→ **RAW DATA**
+---+

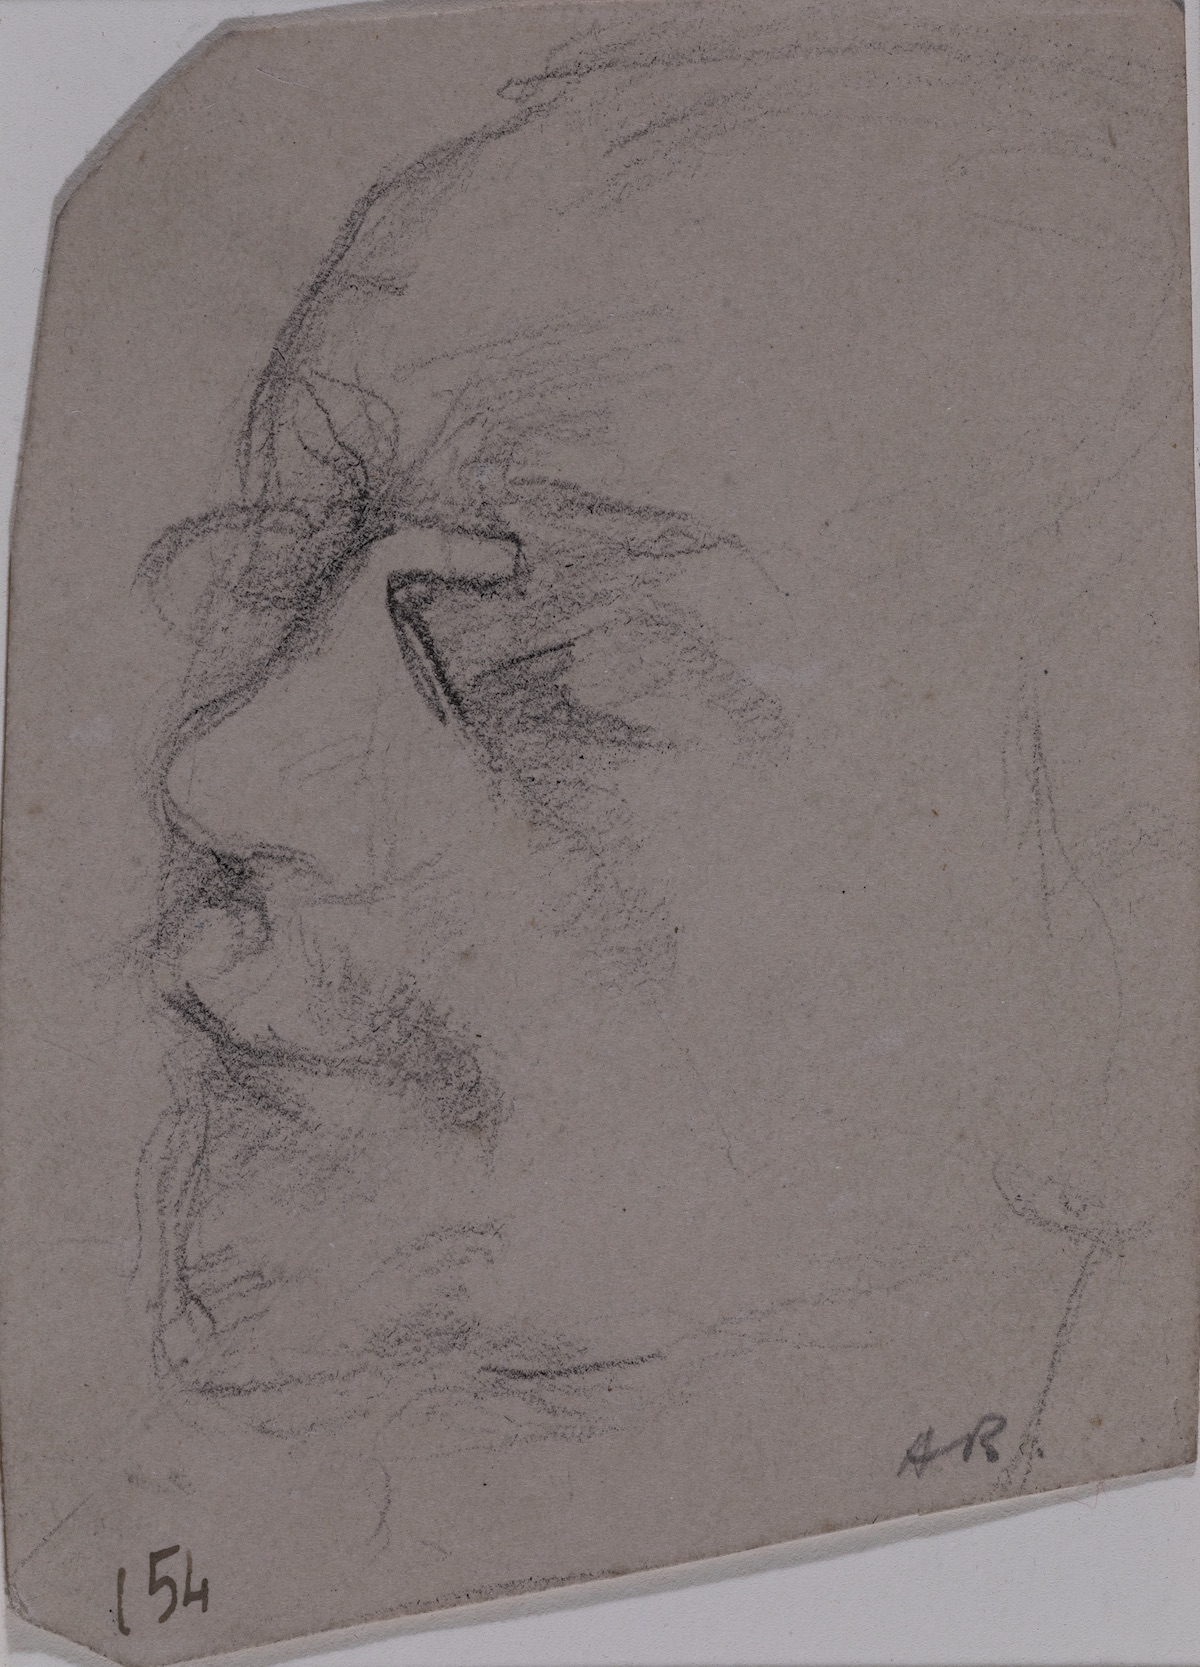 Portrait of the head of Henri de Toulouse-Lautrec wearing glasses
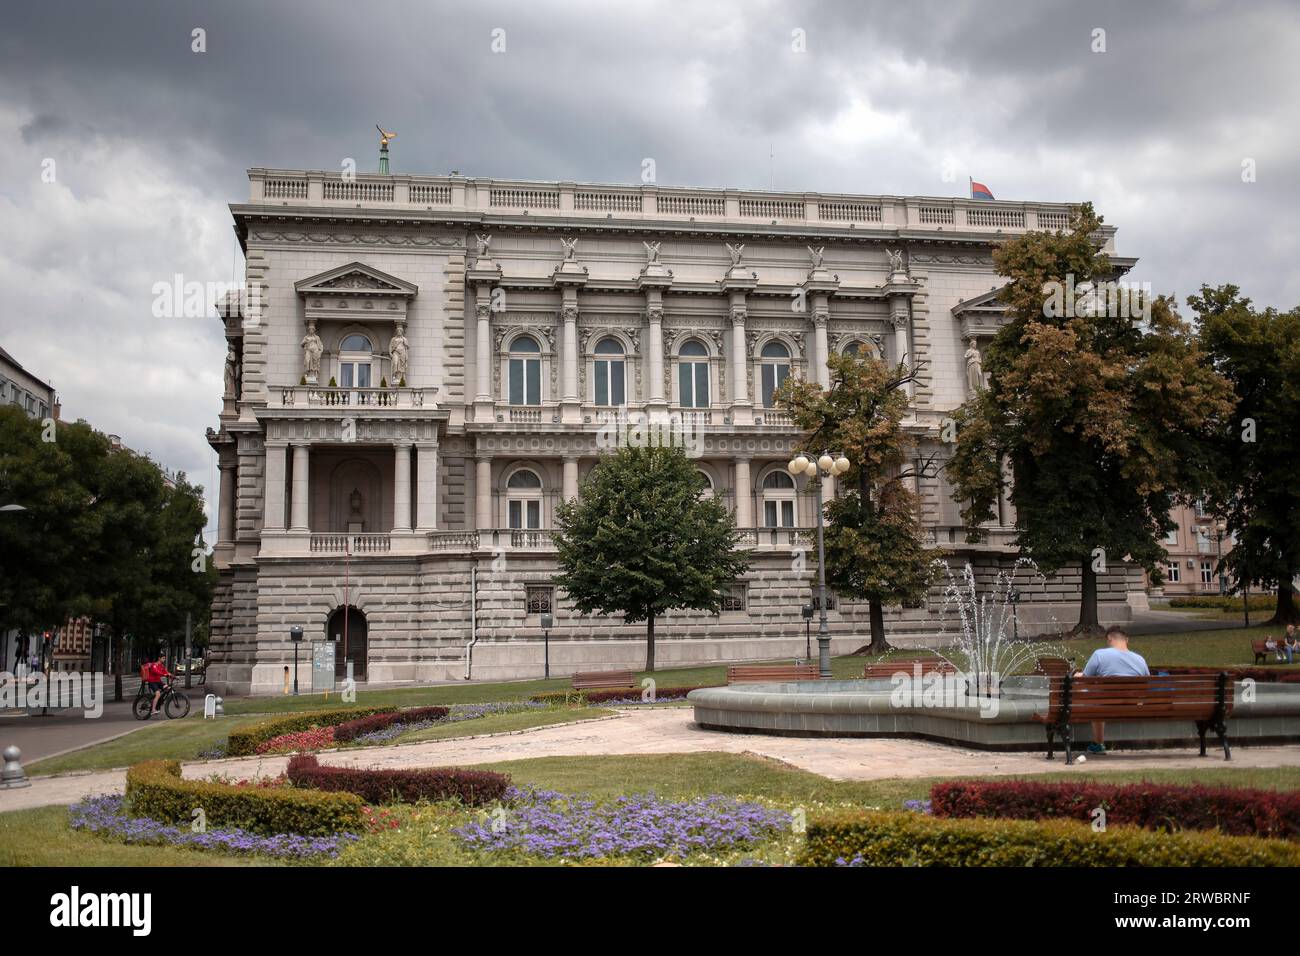 Serbie - Un bâtiment historique appelé le Vieux Palais (Stari Dvor), qui abrite l'Hôtel de ville de Belgrade Banque D'Images
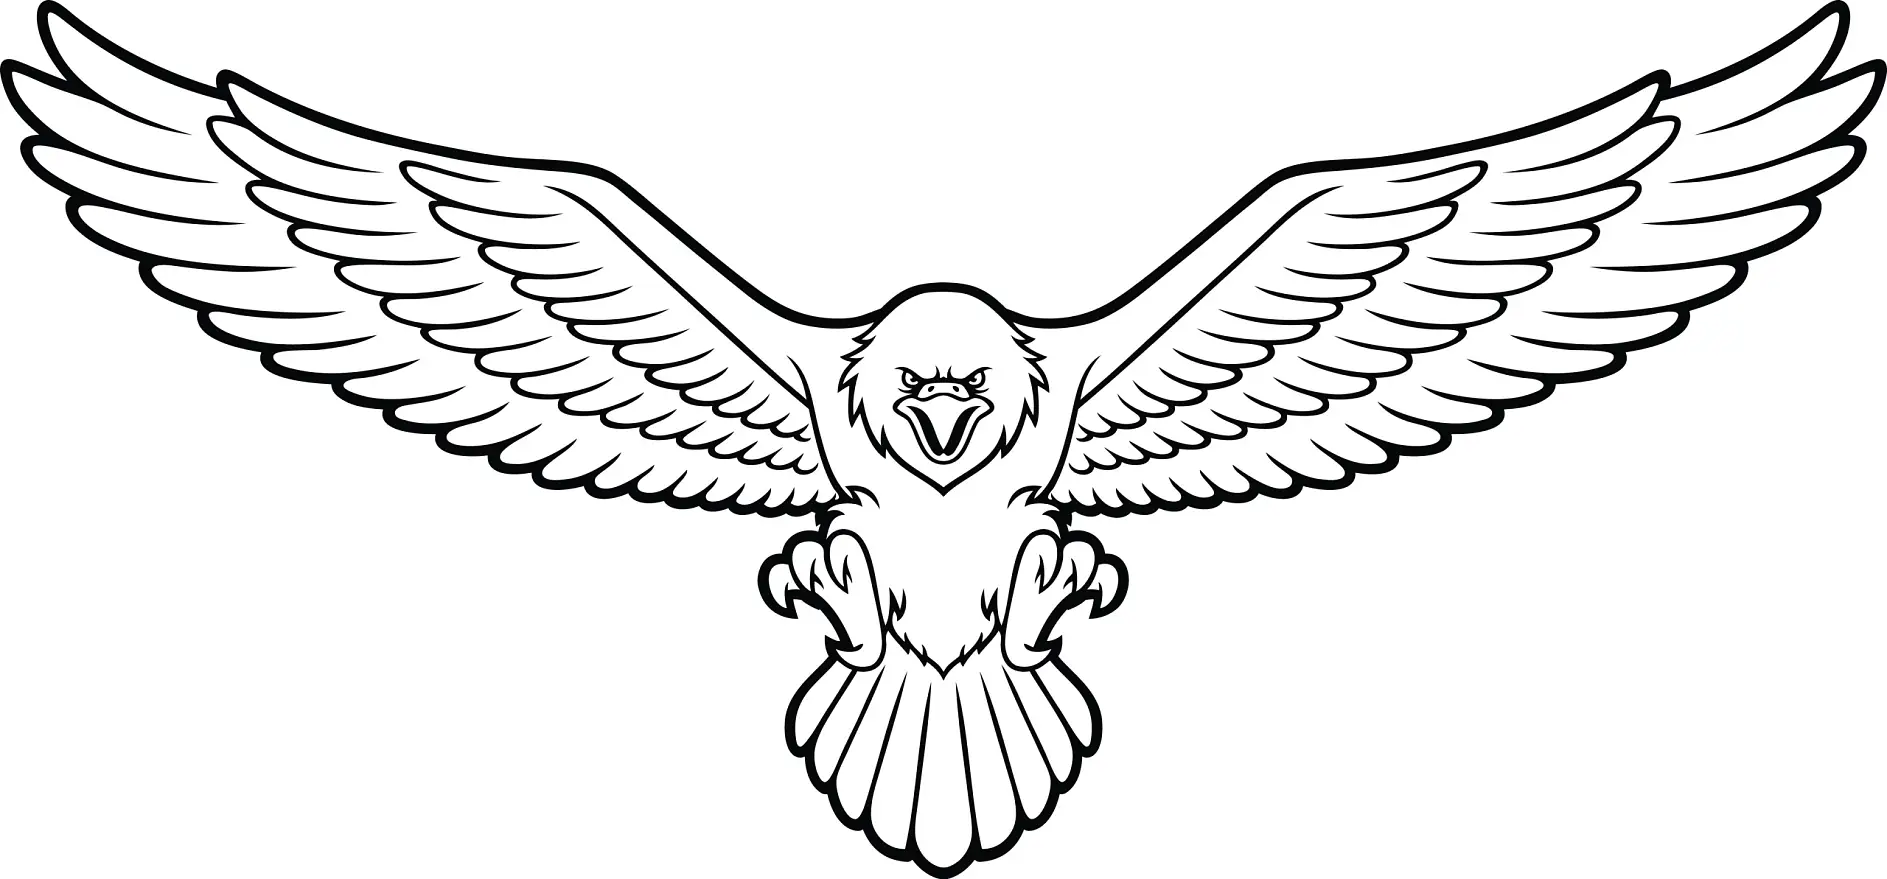 Ausmalbild Adler mit ausgebreiteten Flügeln im Flug

+---+

When you write out the material again, keep every word exact and omit the pictures.

 Portrait of the head of Henri de Toulouse-Lautrec wearing glasses
 Serbie - Un bâtiment historique appelé le Vieux Palais (Stari Dvor), qui abrite l'Hôtel de ville de Belgrade Banque D'Images
 Ausmalbild Adler mit ausgebreiteten Flügeln im Flug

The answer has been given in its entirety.